During the first six months of this year, South Korea accounted for 25.8 percent of the global secondary battery market after China with 56.4 percent of the market share. Japan came third with a 9.6 percent market share, according to government data.

This file photo shows an exhibition on batteries held in Seoul on March 17, 2022. (Yonhap)

This file photo shows an exhibition on batteries held in Seoul on March 17, 2022. (Yonhap)

Under the plan, the South Korean companies will invest 19.5 billion won by 2030 for research and development projects to secure key industries and diversify their portfolio. An additional 30.5 trillion won will also be spent for facility investment at home, according to the ministry.

The investment is expected to boost the domestic production capacity for batteries to 1.5 times the amount by 2025 and more than double the capacity for battery materials.

The government will earmark 1 trillion won for R&D projects for advanced technologies by 2030, and extend loans and tax benefits to support business activities.

It will also extend financing worth 3 trillion won over the next five years for efforts to secure stable supply chains of minerals and related projects, the ministry said.

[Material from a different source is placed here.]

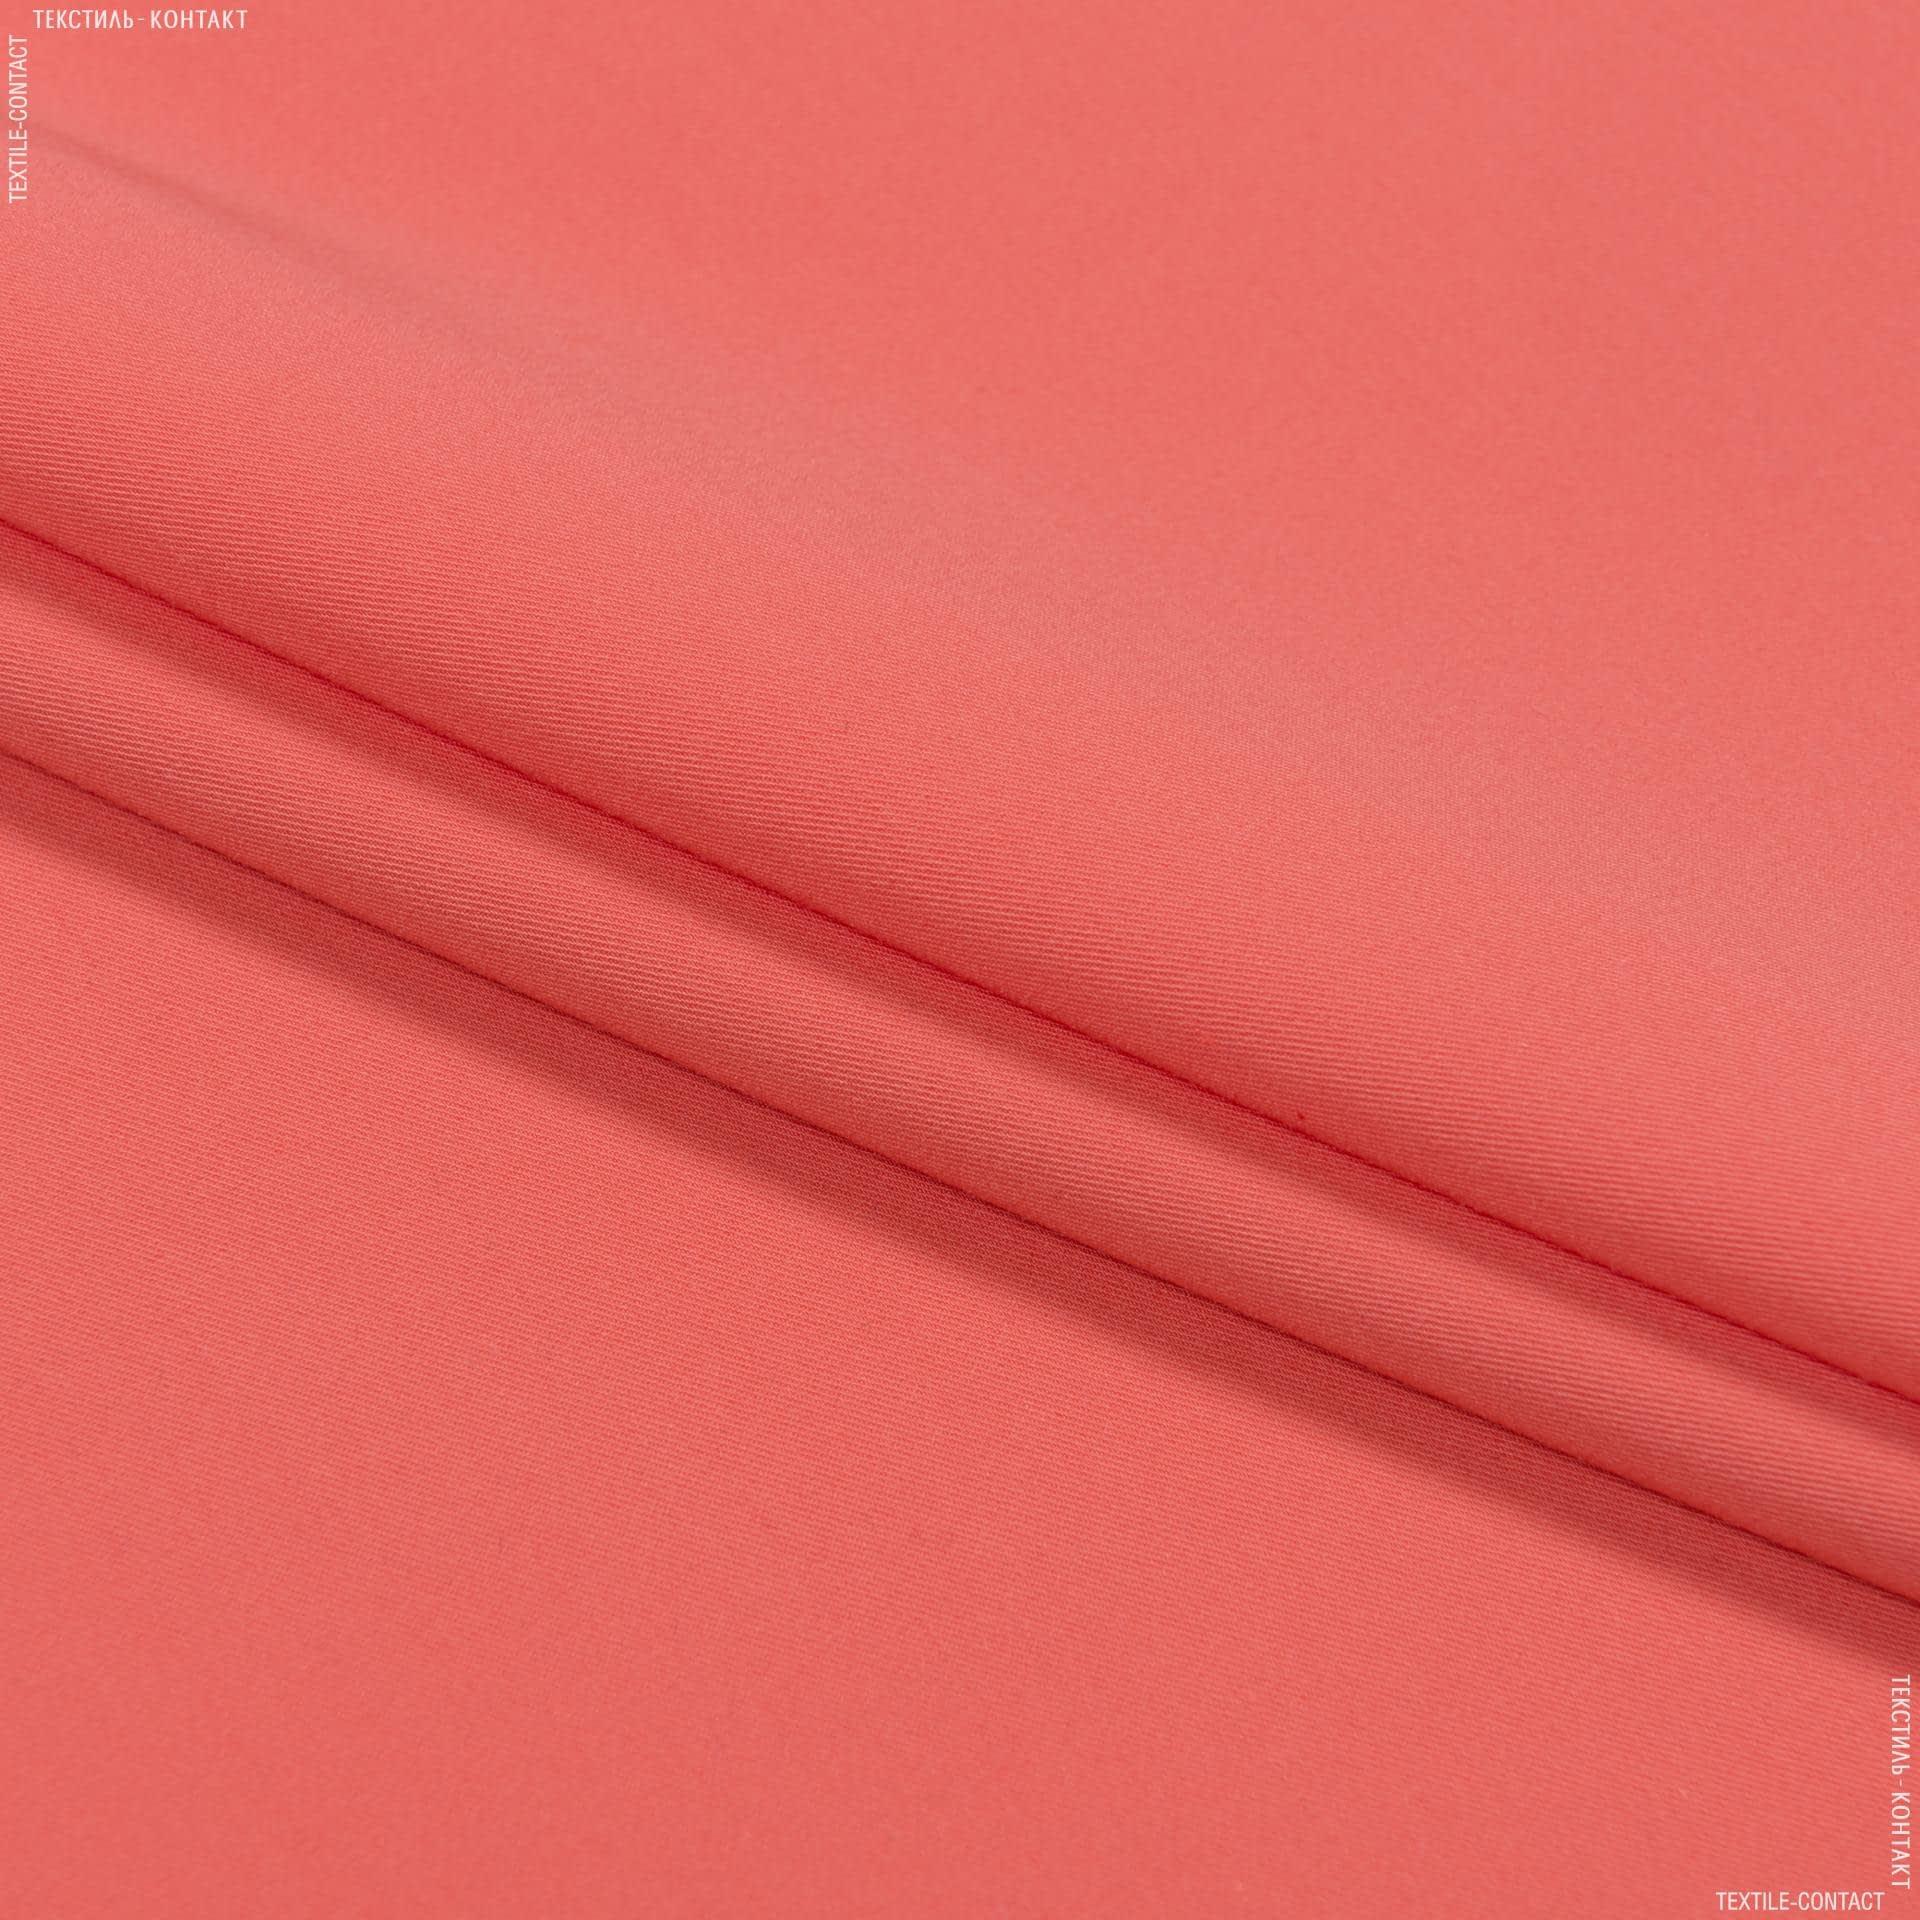 Ткани для брюк - Костюмная тесла-1 коралловый
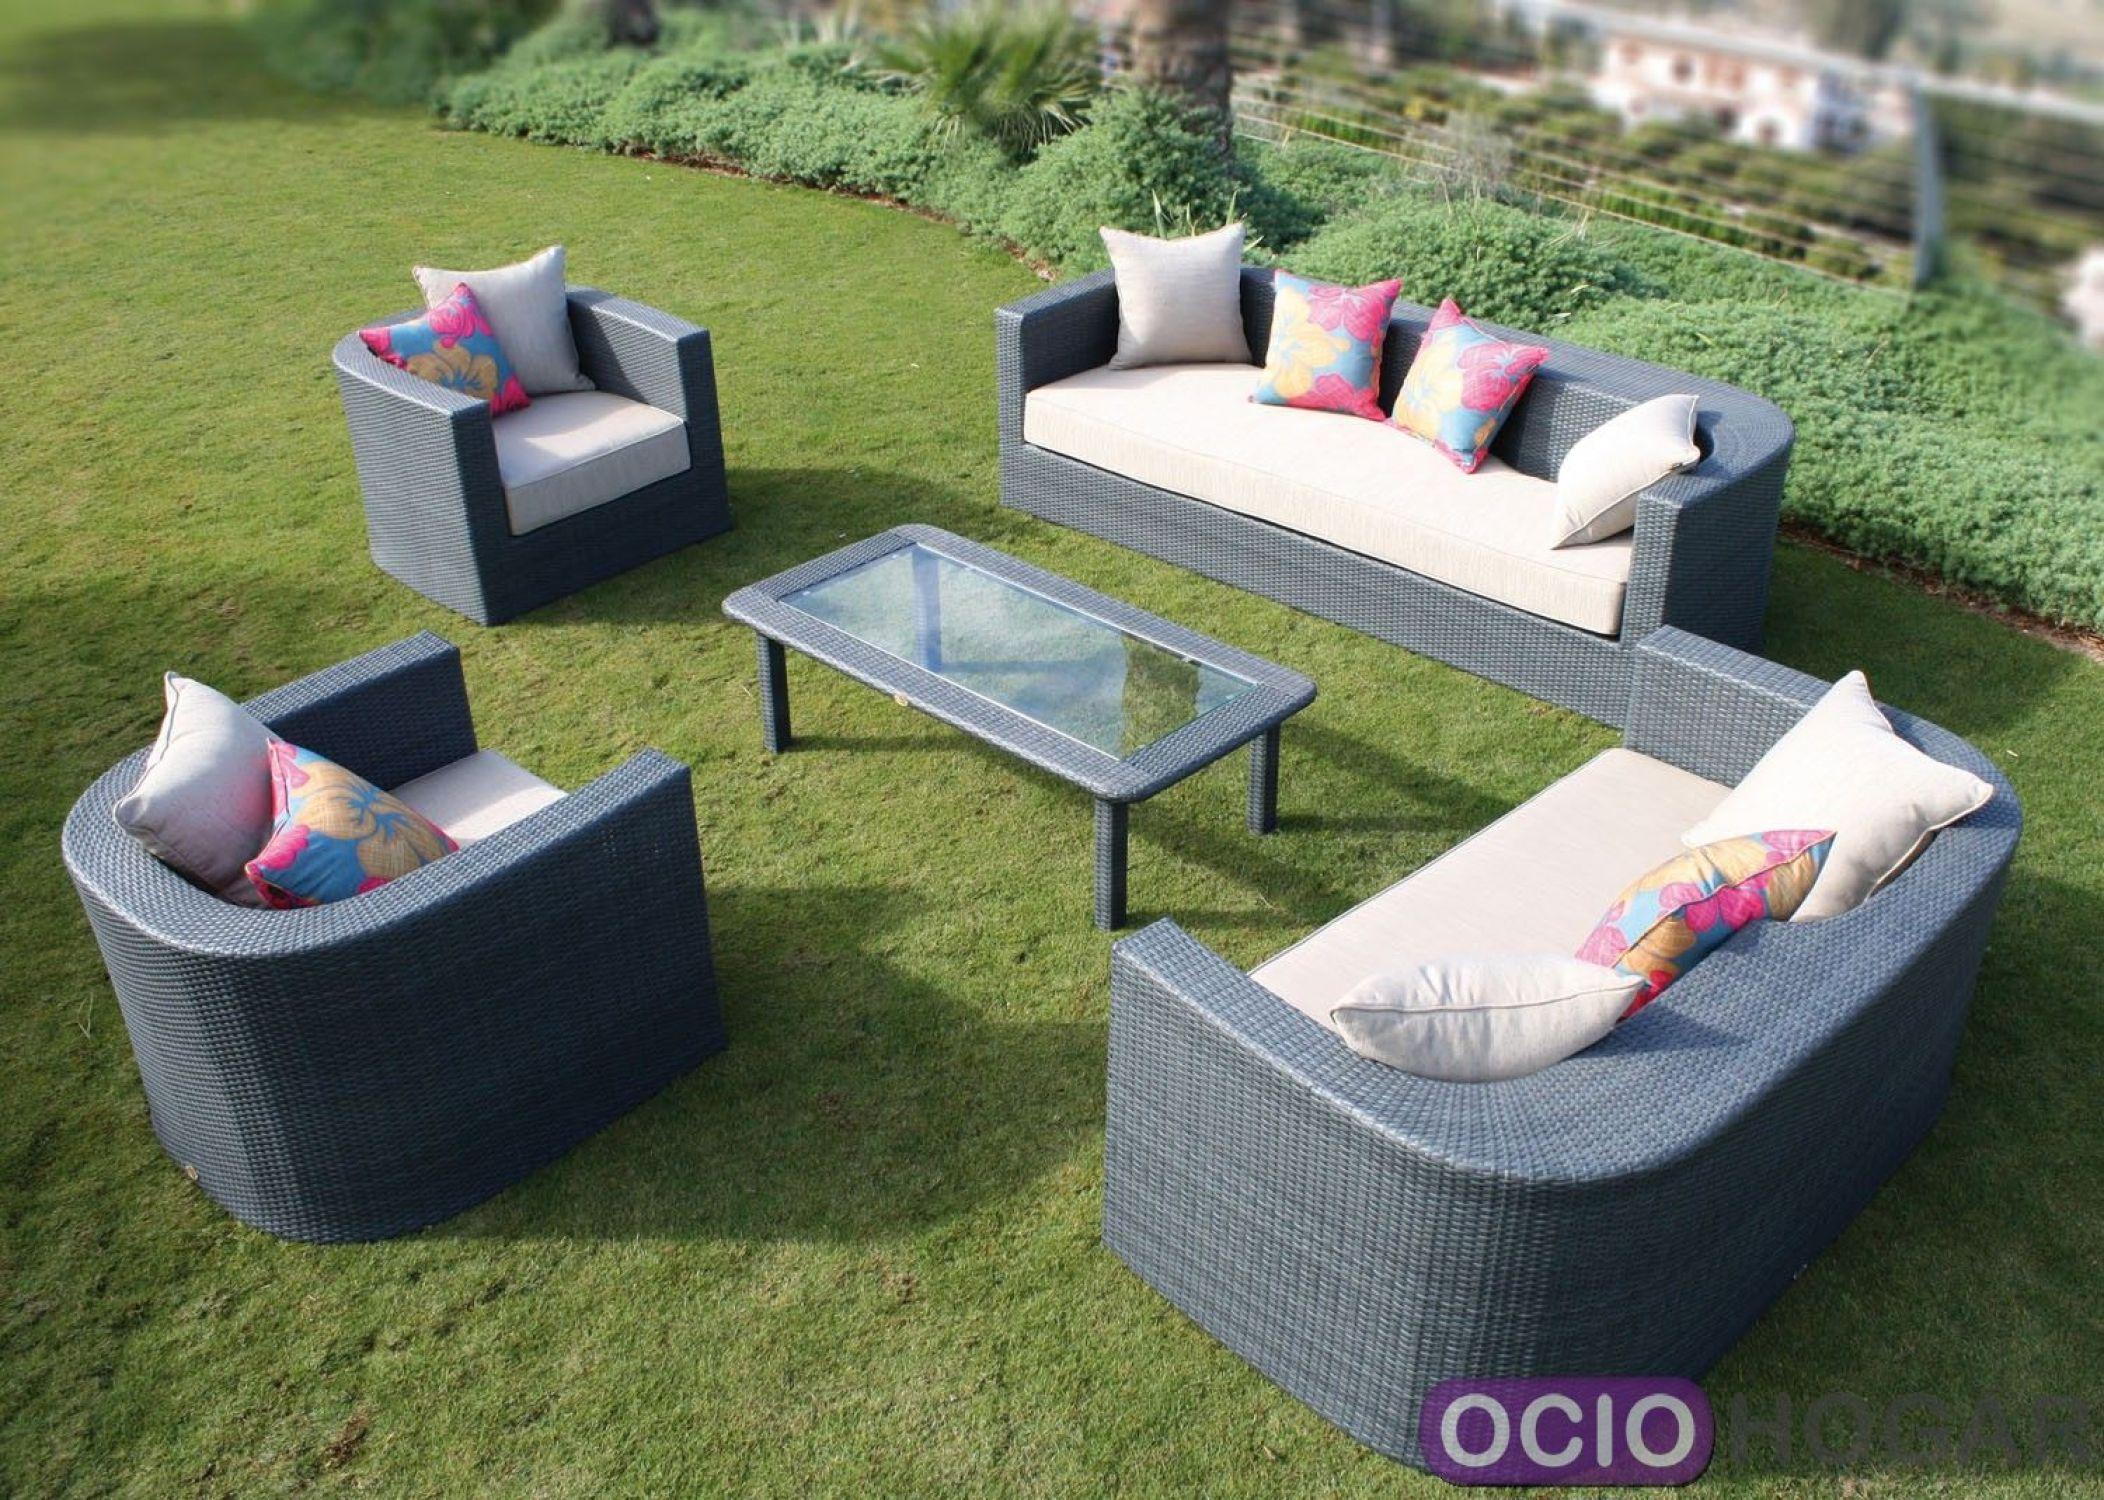 Conjunto exterior sof s sillones y mesa venus majestic for Conjunto sillones exterior

South Korea also seeks to devise an integrated system to better manage used batteries and to nurture the battery recycling sector.

The government will nurture around 16,000 skilled workers in the sector by establishing a "battery academy" and extending college education programs, it added.

"Uncertainty has grown in the industry as major nations are reshaping global supply chains by focusing on their own nations. But this crisis could serve as a chance for growth," Minister Lee said, calling for joint strategic responses between public and private sectors to market changes.